Originally Posted by Perryinva View Post
^^^^ again, a logical, well thought out, VERSATILE, plan. Nothing set in stone, but a full awareness of options and outcomes. That is all anyone can really do.

Post like TTs above make no sense what so ever. Essentially he has said "Just in case something may happen that might reduce my SS checks, even though there is no indication whatsoever that is happening, I've decided to do what guarantees I get the smallest tax advantaged income possible and lock that in. That will show them"

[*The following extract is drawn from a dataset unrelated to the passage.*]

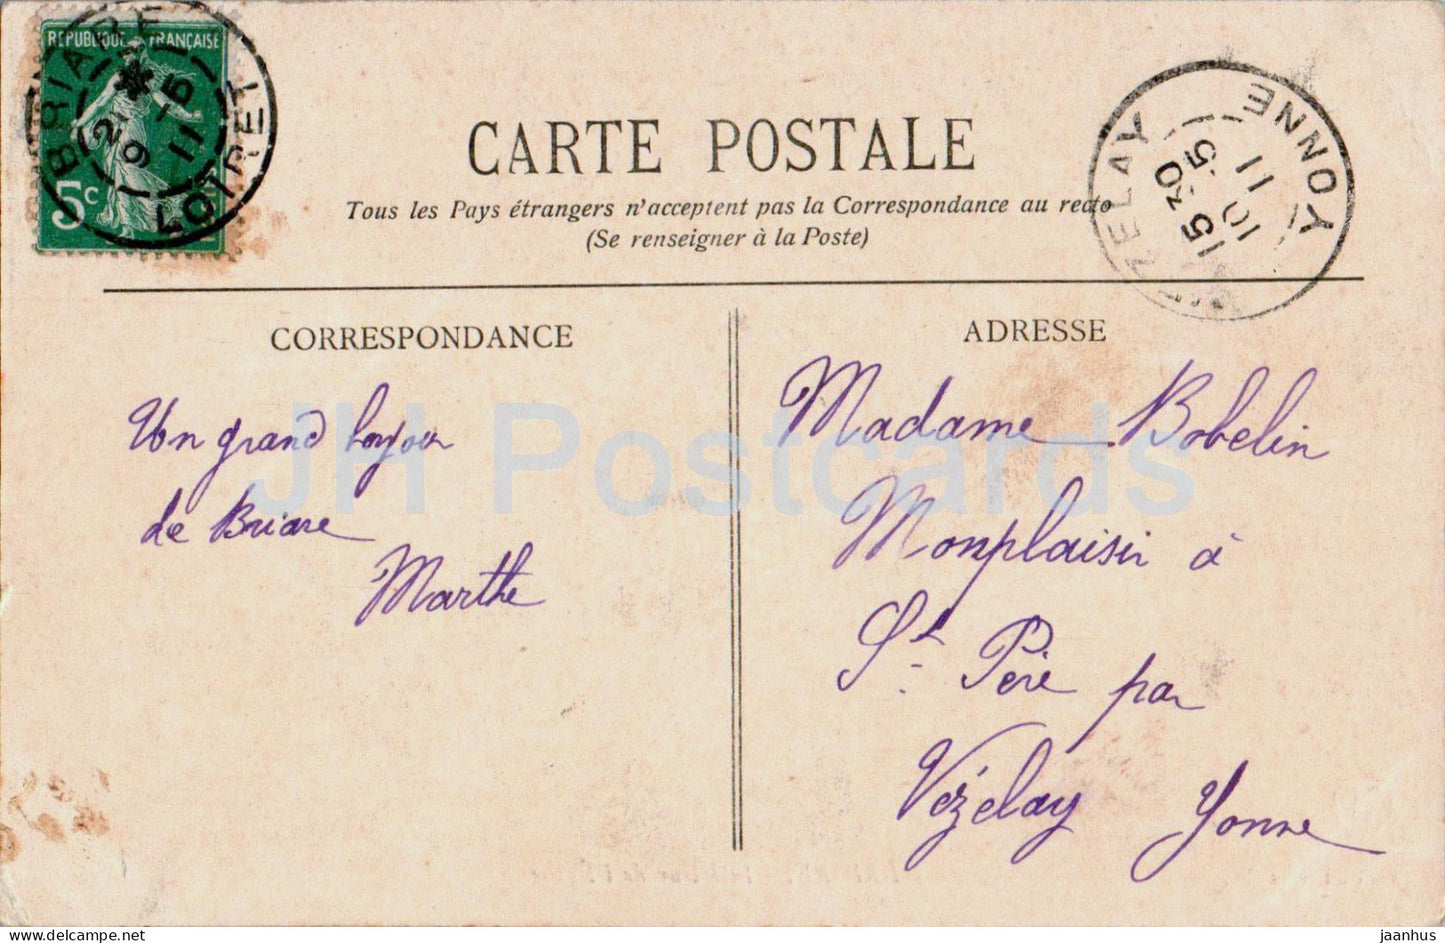 Briare - Interieur de l'Eglise - Kirche - alte Postkarte - 1911 - Frankreich - gebraucht 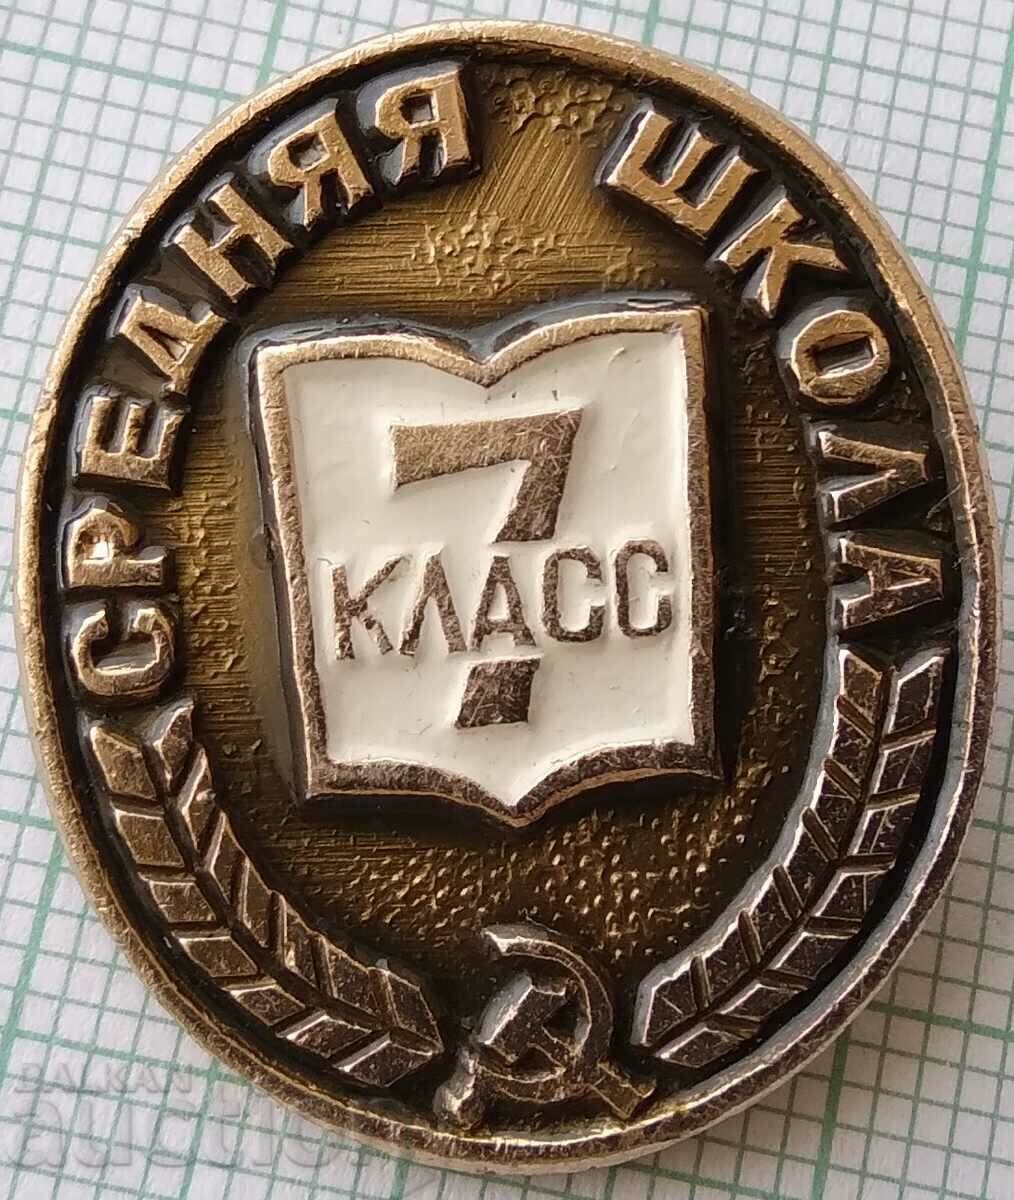 16277 Badge - Secondary school 7th grade USSR

What is the point of that? If you just WANT to take it at 62, because emotionally you can't handle the thought of never collecting from SS in case you die young....then say it. That was essentially the sole reason my wife filed at 62. The majority of people collect early because they have no choice, and the rest because of the above. There are other reasons, but they are outliers...like having kids very late in life that are still minor age for many years after you are 62. Collecting their SS minor support and yours early is likely a slam dunk, if your income is low.

But for anyone with plenty of income guaranteed for life due to pensions, large safe investment dividends, etc, it makes zero financial sense (if you assume you plan to live to 80) to take it at 62. If you die and would have collected more by taking it at 62, why would it matter. You are dead. If you are quite positive you will die before 80, and want to live significantly larger through that age, and on much less afterwards, go for it! Actuarially it makes little difference what you do, but collecting early and living longer is better for SSA overall than collecting late and living longer, so SSA may get the last laugh....
You certainly missed the gist of my post that I fear an income or wealth test in the future if I wait. In other words, I believe the promises made will be broken at some point when the pressure of fewer workers paying for the latter half of the Baby Boomers retirees and implementing some type of test to prevent me from drawing what has been promised to me my entire work life and I've maxed the ss payment the last 15 years. Therefore, better to draw some of what was promised before they change the deal.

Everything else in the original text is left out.